* INFORMATION SUPPLIED:
* * * * * * *

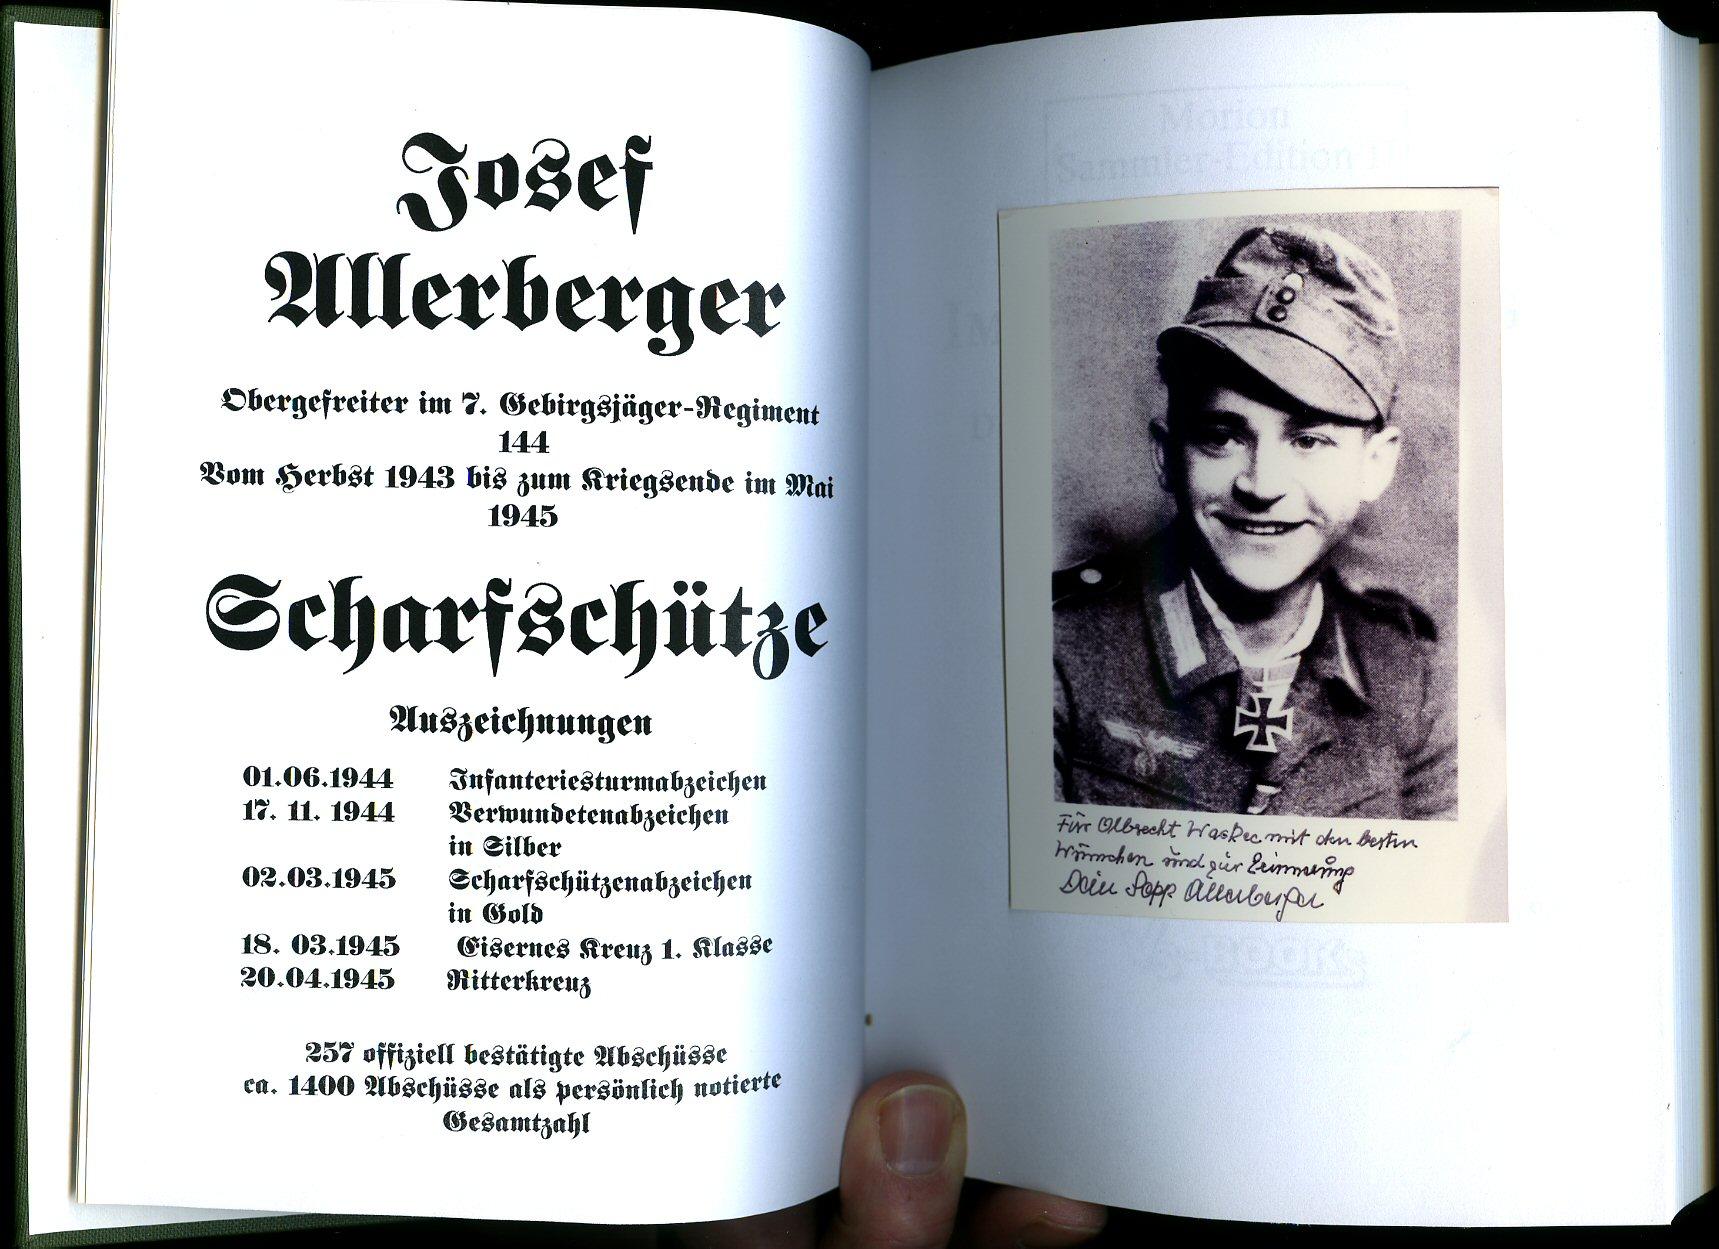 Der Wehrmachtsscharfschütze Sepp Allerberger Im Auge des Jägers eine biographische Studie 
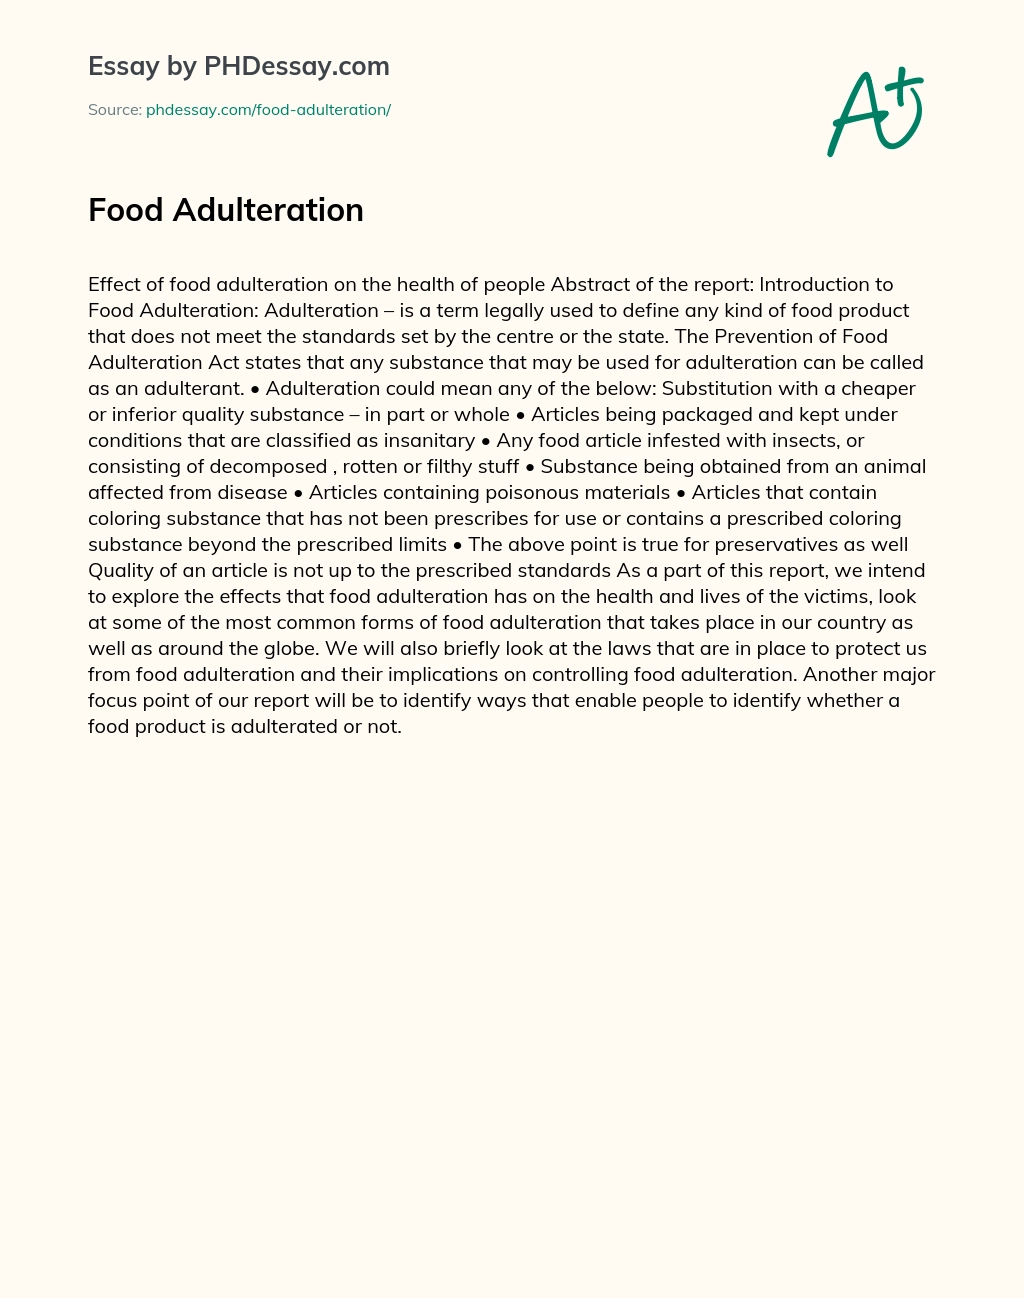 Food Adulteration essay
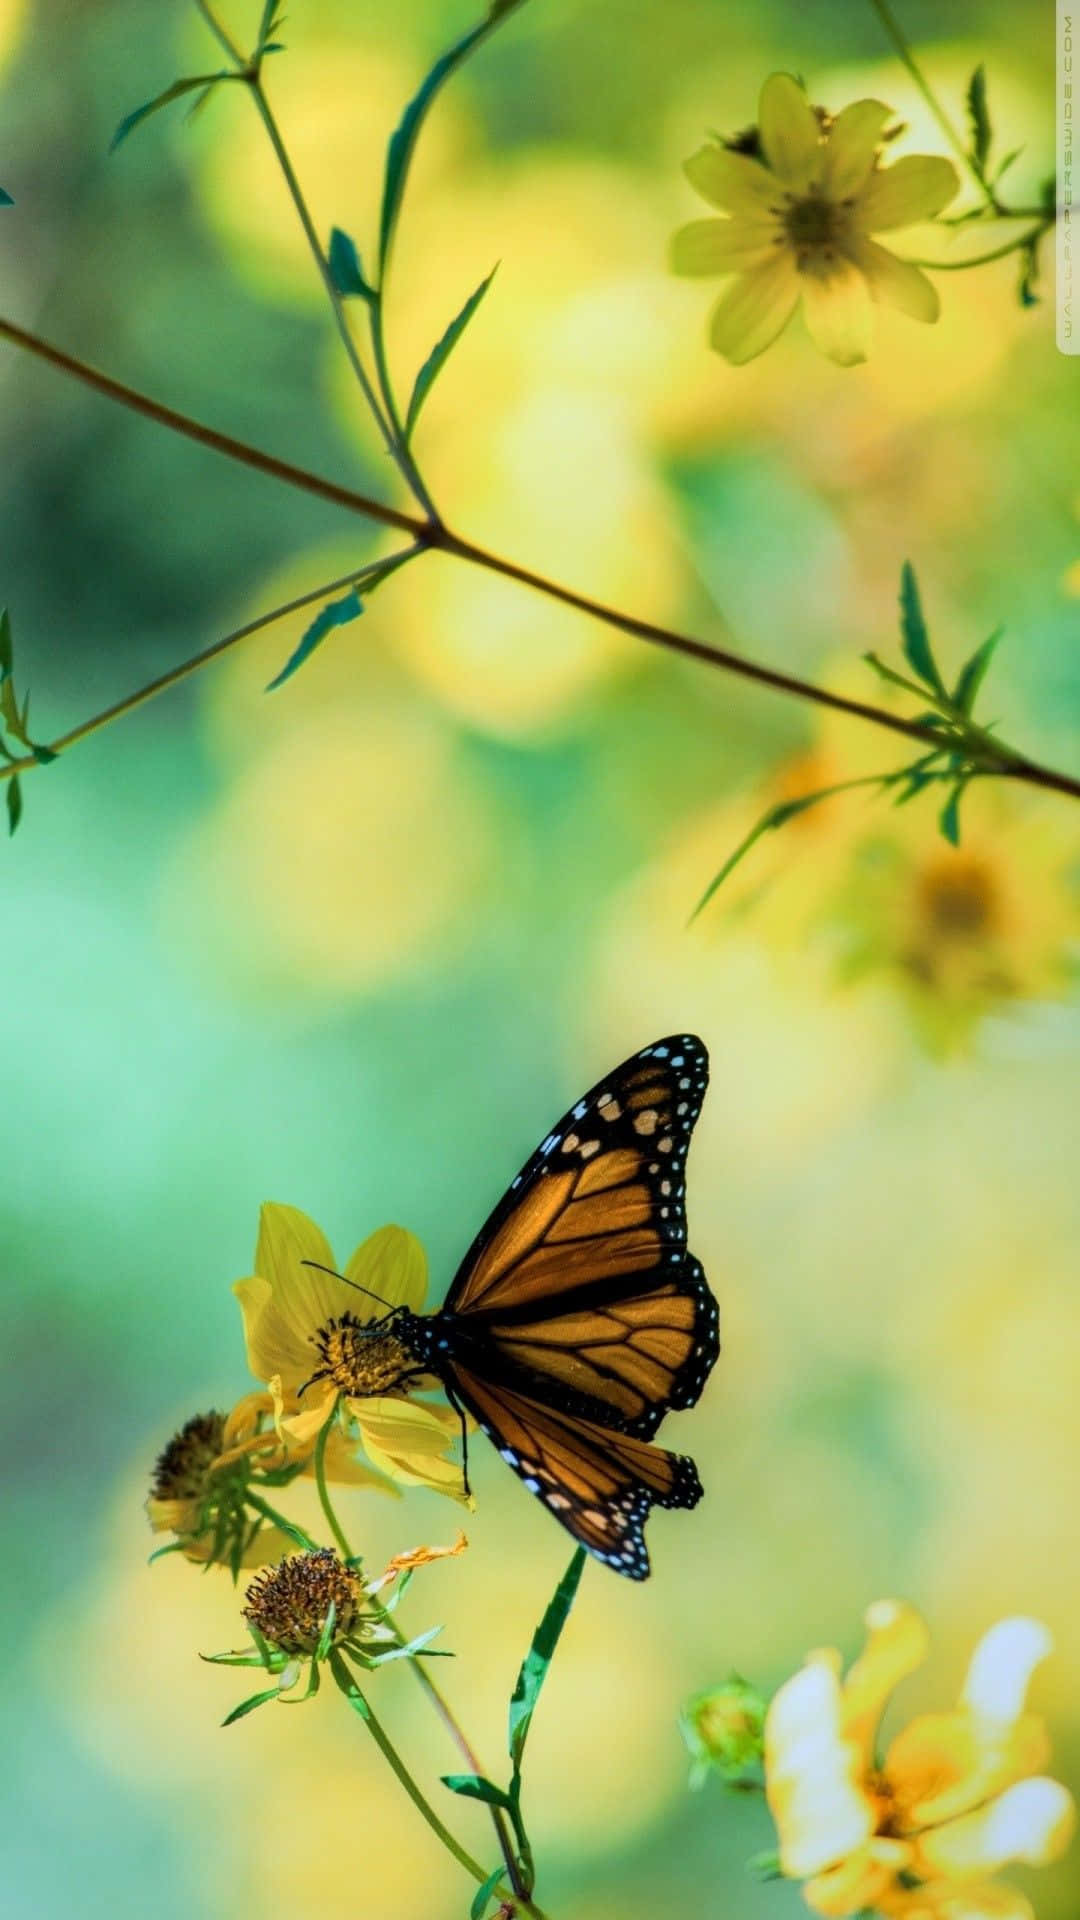 A beautiful butterfly enjoying the morning sun

* * * * * * *

* WHAT IS EXPECTED: Write the lines above out again exactly, without any of their pictures.

* EXERCISE RESPONSE:
 Der Wehrmachtsscharfschütze Sepp Allerberger Im Auge des Jägers eine biographische Studie 
 Food Adulteration essay
 A beautiful butterfly enjoying the morning sun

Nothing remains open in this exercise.